DATA
_ _ _

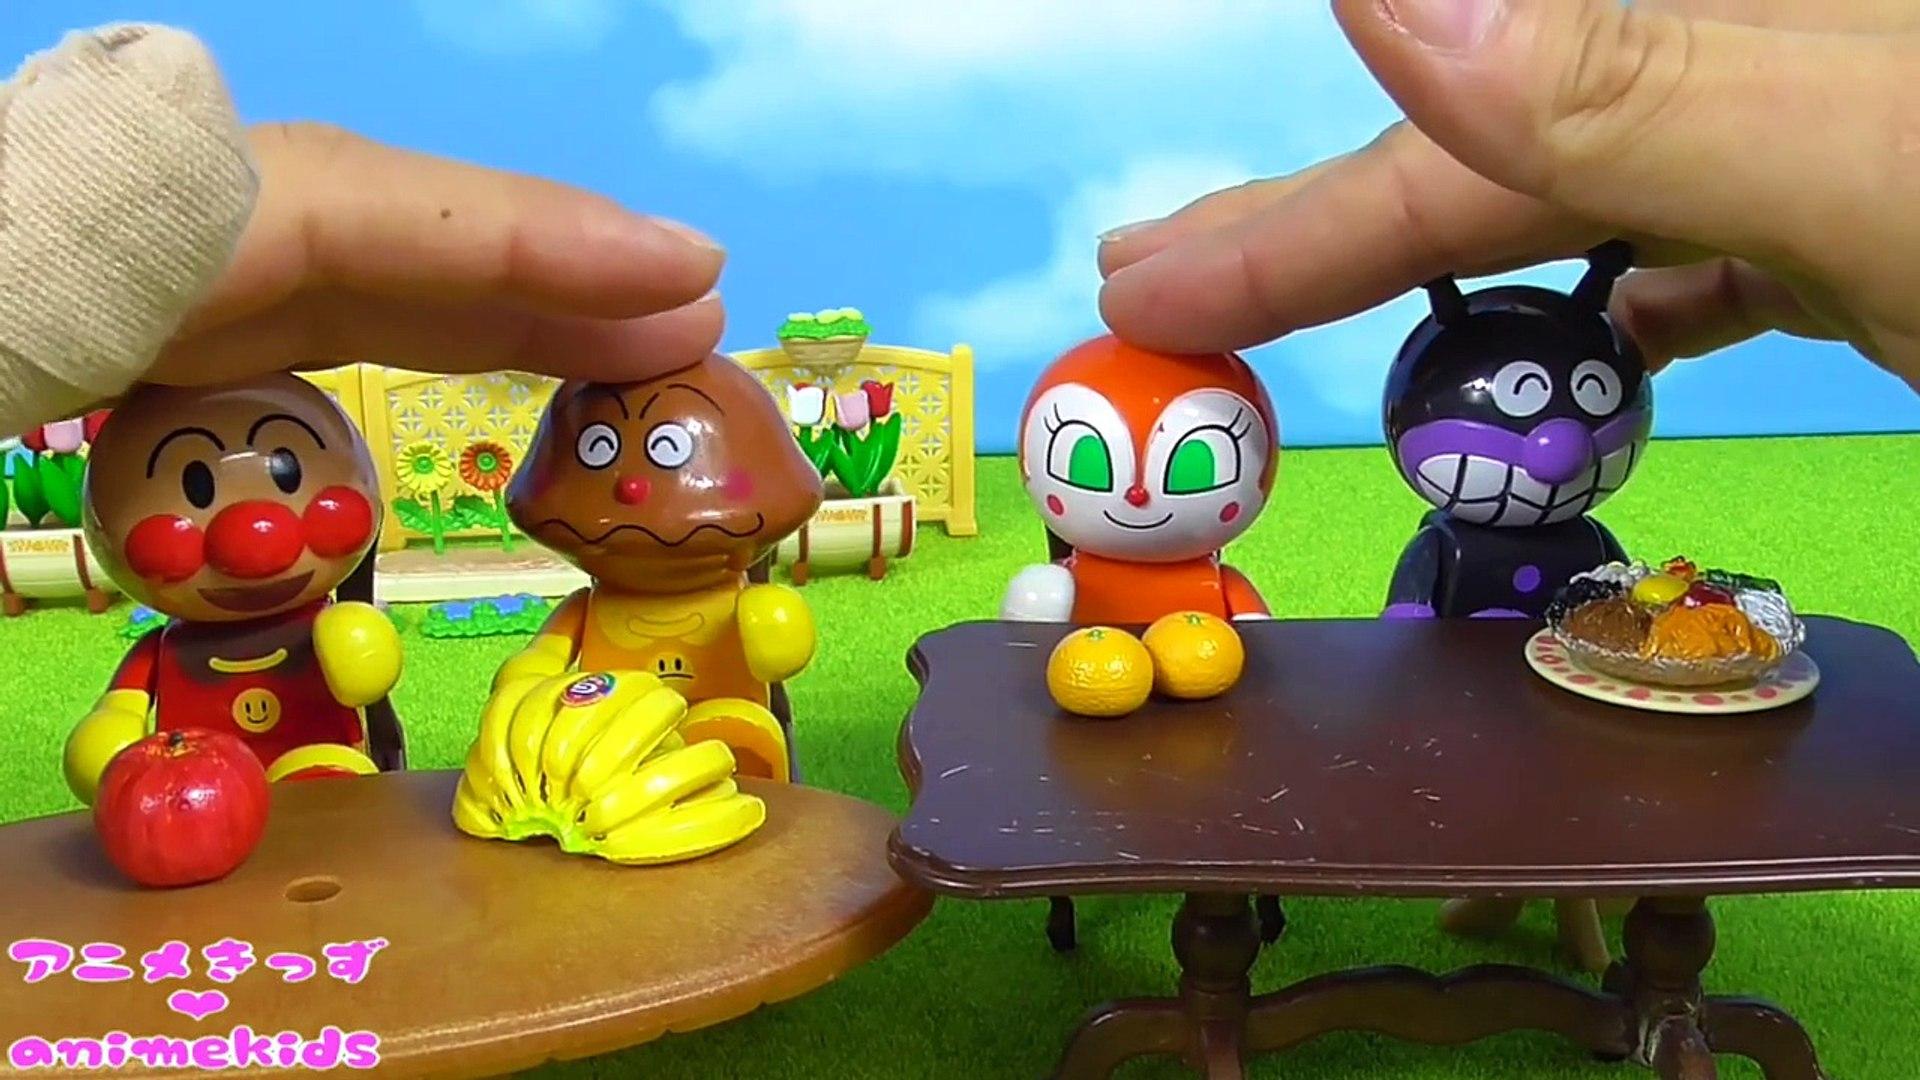 アンパンマン おもちゃ [A-N-M] うんち できるかな?[A-N-M]kids [A-N-M]きっず [A-N-M] Anpanman Toy vidéo
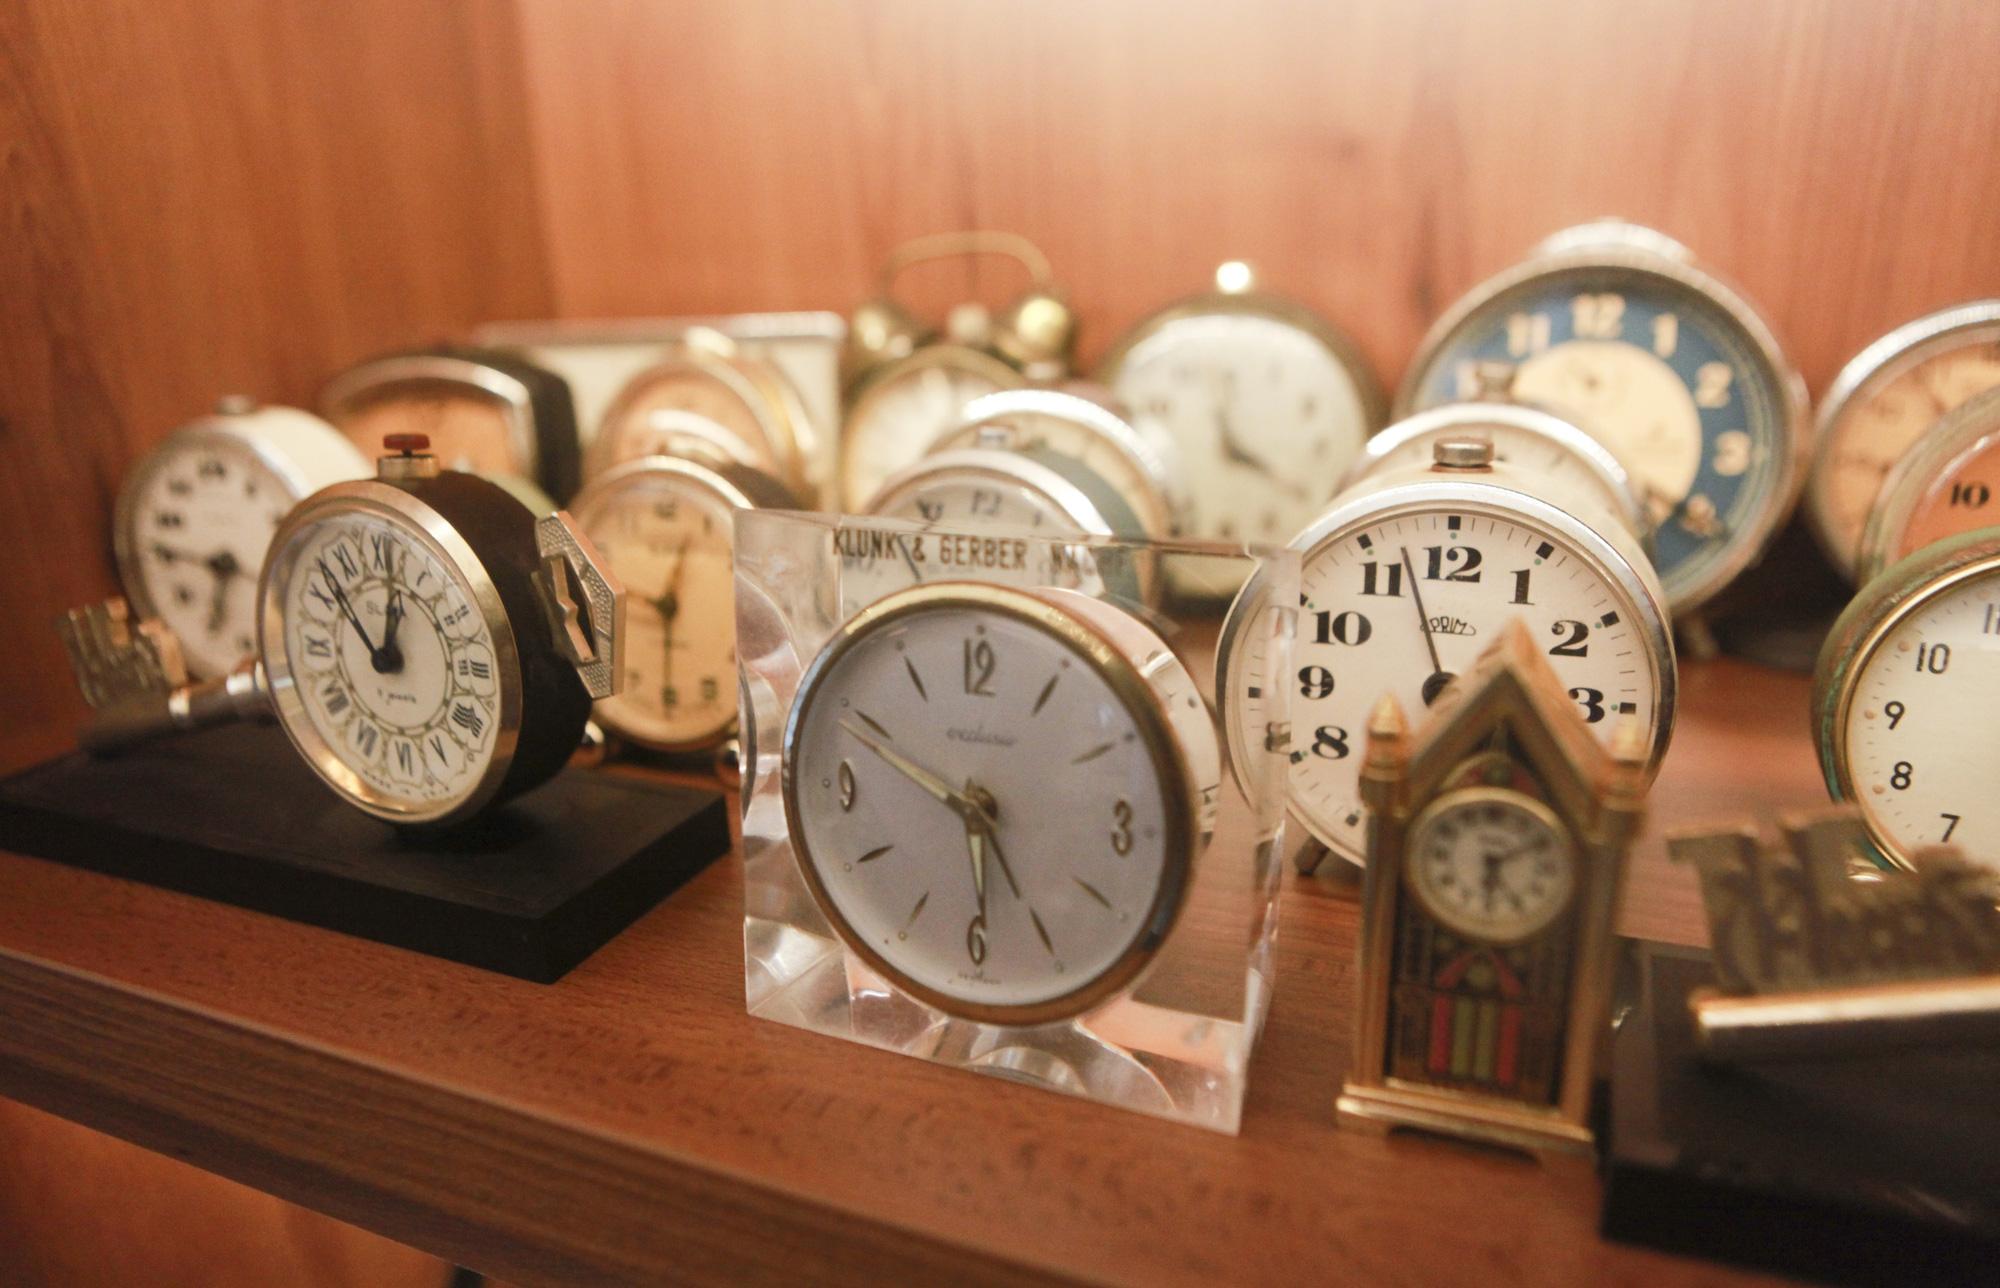 """Ông lão Hà thành và bộ sưu tập đồng hồ """"cực khủng"""", đặc biệt có chiếc có khả năng dự báo... """"bão"""" - Ảnh 5."""
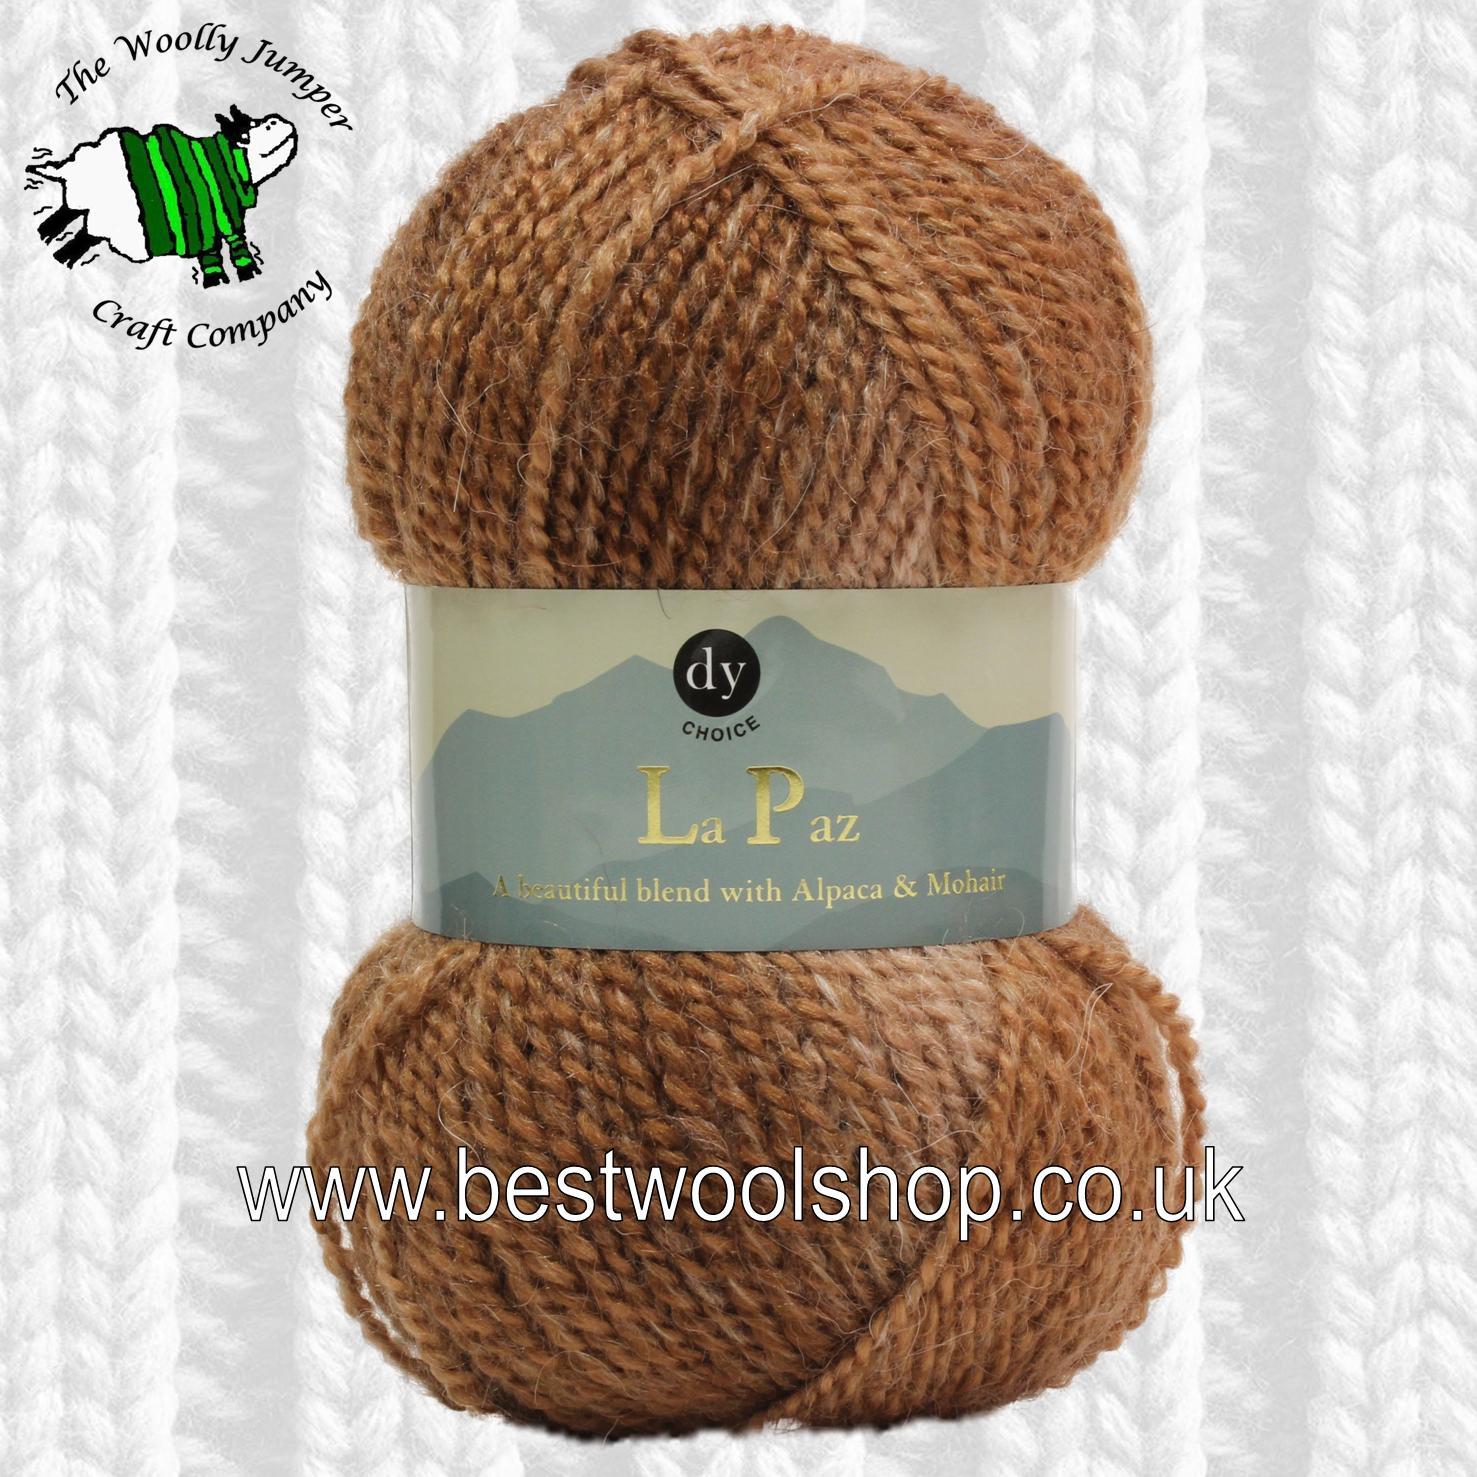 Alpaca Aran Knitting Pattern : 3 - COCOA - DY CHOICE LA PAZ ARAN SELF PATTERNING KNITTING ...

_ _ _

Omit each picture, then return all of the listing exactly as it stands.

REPLY TO THE TASK
 アンパンマン おもちゃ [A-N-M] うんち できるかな?[A-N-M]kids [A-N-M]きっず [A-N-M] Anpanman Toy vidéo
 """Ông lão Hà thành và bộ sưu tập đồng hồ """"cực khủng"""", đặc biệt có chiếc có khả năng dự báo... """"bão"""" - Ảnh 5."""
 Alpaca Aran Knitting Pattern : 3 - COCOA - DY CHOICE LA PAZ ARAN SELF PATTERNING KNITTING ...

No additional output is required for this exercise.